| name | trainer-election |
| description | Elect the strongest prompt or skill candidate from an existing evaluation workspace. Use this skill whenever a workflow already has multiple scored configurations and needs a separate leader-selection pass over grading, timing, or benchmark artifacts, especially when comparing optimize outputs without pushing that selection logic back into trainer-optimize. |
| license | MIT |
| compatibility | Requires Python 3.11+. Reads eval workspaces that follow the Agent Skills evaluation layout with eval metadata, grading.json, timing.json, and optional benchmark.json artifacts. |
| metadata | {"author":"your-org","version":"0.1.0"} |
Election
Use this skill to elect a winner from existing evaluation artifacts. Treat it as the standalone selection step after candidates have already been run and graded. It does not generate candidates, perform research, synthesize evals, or re-run optimization.
When to use this skill
- A workflow already produced multiple candidate configurations and now needs a winner chosen from scored artifacts.
- Multiple candidate configurations already exist as
with_skill, without_skill, old_skill, or other config directories inside a skill-eval workspace.
- Each candidate has already been run against authored evals and saved
grading.json and optional timing.json artifacts.
- You need a separate election pass that picks the strongest configuration from workspace results instead of generating new candidates.
- The workflow explicitly needs comparison across multiple optimize outputs, prompt rewrites, or skill revisions without folding that comparison into
trainer-optimize.
Do not use this skill to gather datasets, synthesize evals, optimize prompts, or run missing evaluations from scratch. Those remain separate skills.
Inputs
workspace_dir: root workspace path, a specific iteration directory, or a direct eval directory
iteration: optional iteration selector when the workspace contains multiple iterations
manifest_file: optional authored evals/evals.json path for expected eval coverage
If manifest_file is omitted, the runtime searches evals/evals.json next to the iteration directory, then one level higher.

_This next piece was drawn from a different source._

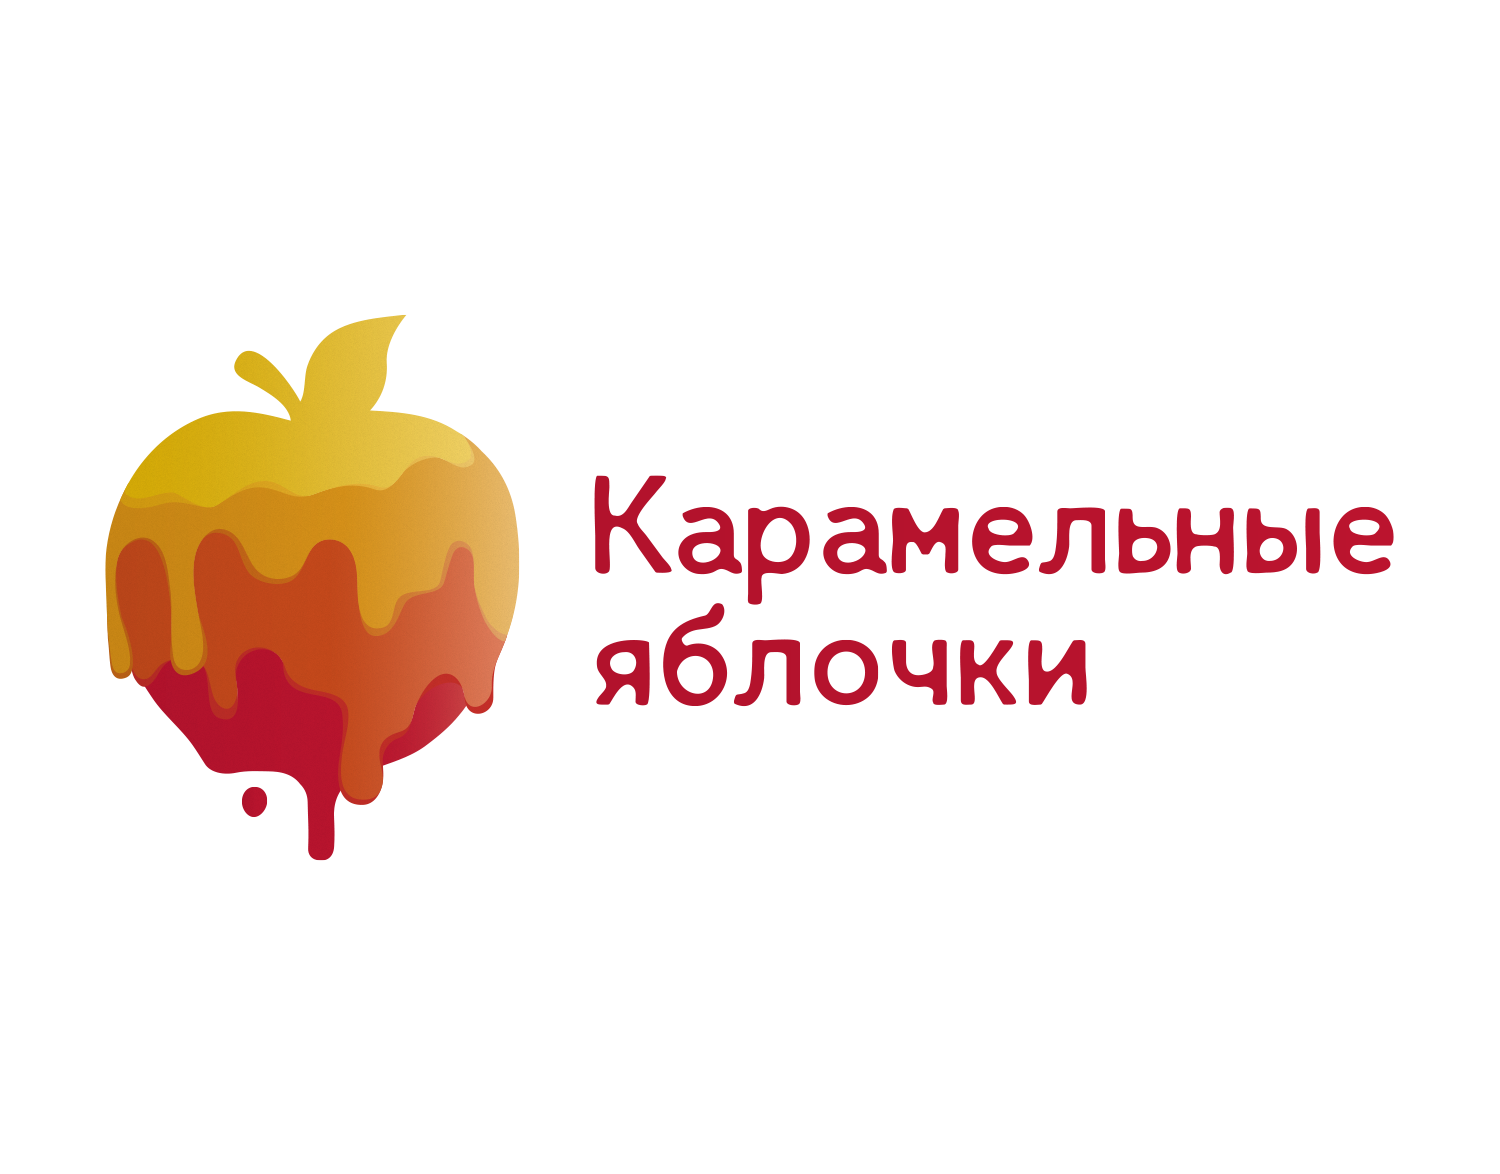 Бизон карамельное яблоко. Карамельное яблоко. Логотип для карамельного яблока. Яблоки в карамели реклама. Карамельные яблочки баннер.

Accepted workspace layouts
The runtime accepts these shapes:
- a workspace root that contains
iteration-N/ directories
- a direct iteration directory
- a direct eval directory when only one eval folder is available
- iteration directories that keep evals at the top level or under
runs/
Config directories may contain grading.json and timing.json directly or nested run-N/ subdirectories. Baselines are recognized for baseline, without_skill, old_skill, and names ending in _baseline.
Election Behavior
- Read the requested iteration directory or the latest iteration in the workspace.
- Discover eval directories and configuration directories that follow the Agent Skills evaluation structure.
- Resolve expected eval coverage from the explicit manifest when provided, otherwise from the nearest
evals/evals.json, otherwise from the discovered eval keys.
- Load scored runs from raw
grading.json and timing.json artifacts.
- Fall back to
benchmark.json only when raw run artifacts are unavailable.
- Aggregate mean pass rate, coverage ratio, penalty, mean time, mean token count, and mean error count per configuration.
- Penalize incomplete eval coverage so partially graded candidates do not beat fully validated ones by omission.
- Elect the leader by adjusted score, using raw score, lower error count, lower time, lower token usage, and stable name ordering as tie-breakers.
- Persist candidate metadata so callers can explain the winner and locate the winning prompt artifact when one exists.
Output contract
The runtime returns JSON with these top-level fields:
winner: winning configuration name
best_prompt: prompt text when a prompt artifact is discoverable
best_prompt_file: path to the winning prompt artifact when present
best_candidate: the winning candidate record
persisted_candidates: all candidate summaries with is_winner, coverage, score, and cost metadata
selection_source: workspace when raw run artifacts were used, otherwise benchmark
iteration_dir, manifest_file, and expected_eval_count for caller traceability
Prompt artifacts are discovered from outputs/ or the run directory using prompt-like filenames such as prompt.md, candidate.md, or *.prompt.md.
Guardrails
- Prefer full eval coverage over partial wins.
- Treat missing
grading.json as unscored instead of inventing results.
- Do not assume optimize internals or regenerate candidates from election.
- Keep baseline configurations in the pool so comparisons remain explainable.
- Stop with a clear error if no scored candidate runs can be found.
Running the runtime
python skills/trainer-election/scripts/run_election.py <workspace_dir> \
[--iteration <iteration-number-or-path>] \
[--manifest-file <path-to-evals.json>] \
[--output-file <path-to-result.json>]
Use skills/trainer-election/references/leader-election.md for the short rationale behind the scoring model.
Naming rationale
election is still the right public name because the skill owns the act of electing a winner from a scored field of candidates. The key change is that the field now comes from evaluation artifacts rather than from internal optimize-side search.